I’m trying to back prop a model using the gradients acquired in the front and backprop of a copy of the exact same model. I acquire the gradient using a hook:
# define the models class ANet(nn.Module): ... class BNet(nn.Module): def __init__(self): ... layers ... self.grad = None def forward(self, x): x.register_hook(lambda g: self.grad = g) ... layers ... return x
Running this model yields the proper gradient:
# instantiate models a1net = ANet() a2net = deepcopy(a1net) bnet = BNet() # forward and back prop a1 and b X, y = next(iter(train_loader)) yhat = bnet(a1net(X)) loss = F.nll_loss(yhat, y) loss.backward()

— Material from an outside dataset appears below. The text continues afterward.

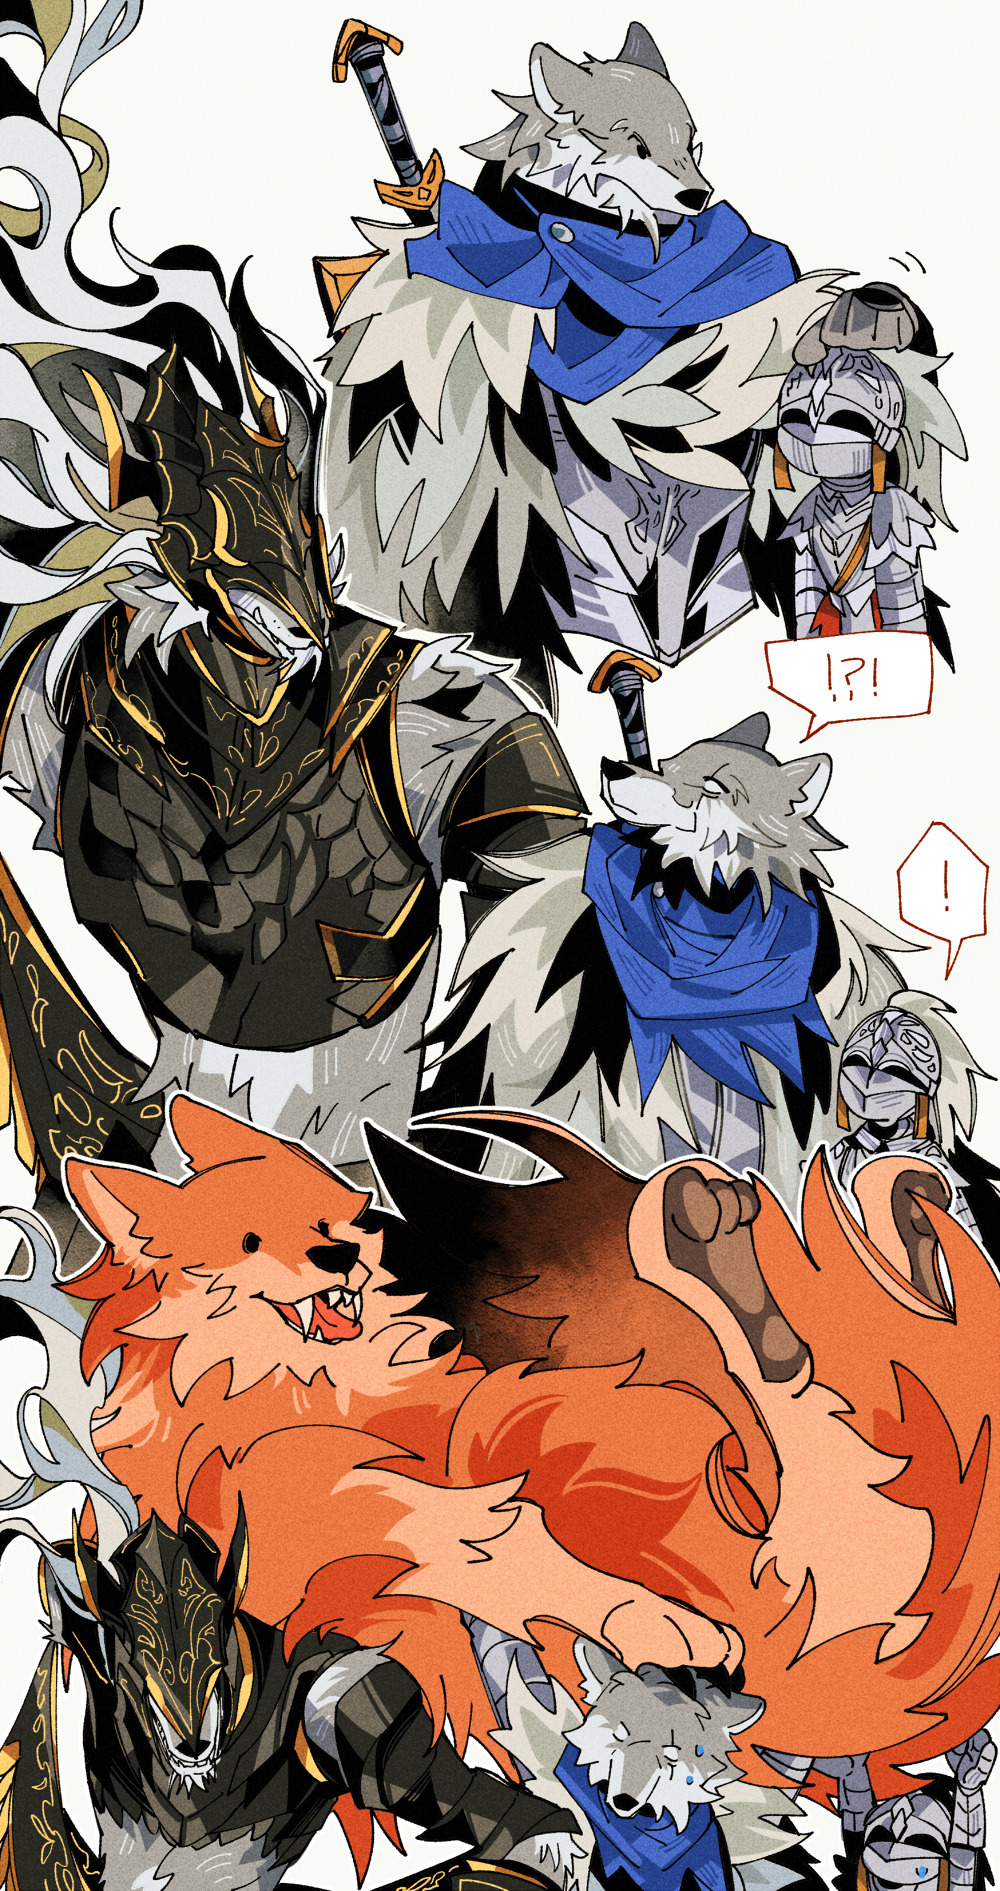 drenched-in-sunlight:
? elden ring wolf gang *applaud* 🐺🧡
?

Afterwards, I’d like to update
a2net using the extracted gradient. I usually just call
.backward() to initialize back propagation using Autograd, but now I’ve got to apply the gradient acquired in the previous process.

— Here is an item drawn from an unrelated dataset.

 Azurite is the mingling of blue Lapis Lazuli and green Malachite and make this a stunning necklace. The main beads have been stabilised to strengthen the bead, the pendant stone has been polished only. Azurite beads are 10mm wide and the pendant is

# backprop a2, this is where I'm stuck grad = bnet.grad a2net.backward(grad)...?
I’ve thought of using
torch.autograd.backward(tensors=a1net, grad_tensors=grad), but that didn’t work.
Comparing my extracted gradient with the result of
a1net(X) shows that my grad is lacking the reference to the model in
grad._grad_fn, also I wouldn’t know how to create a grad explicitly for a non scalar.
Most related questions I see around here are about retaining graphs, but always about a single model.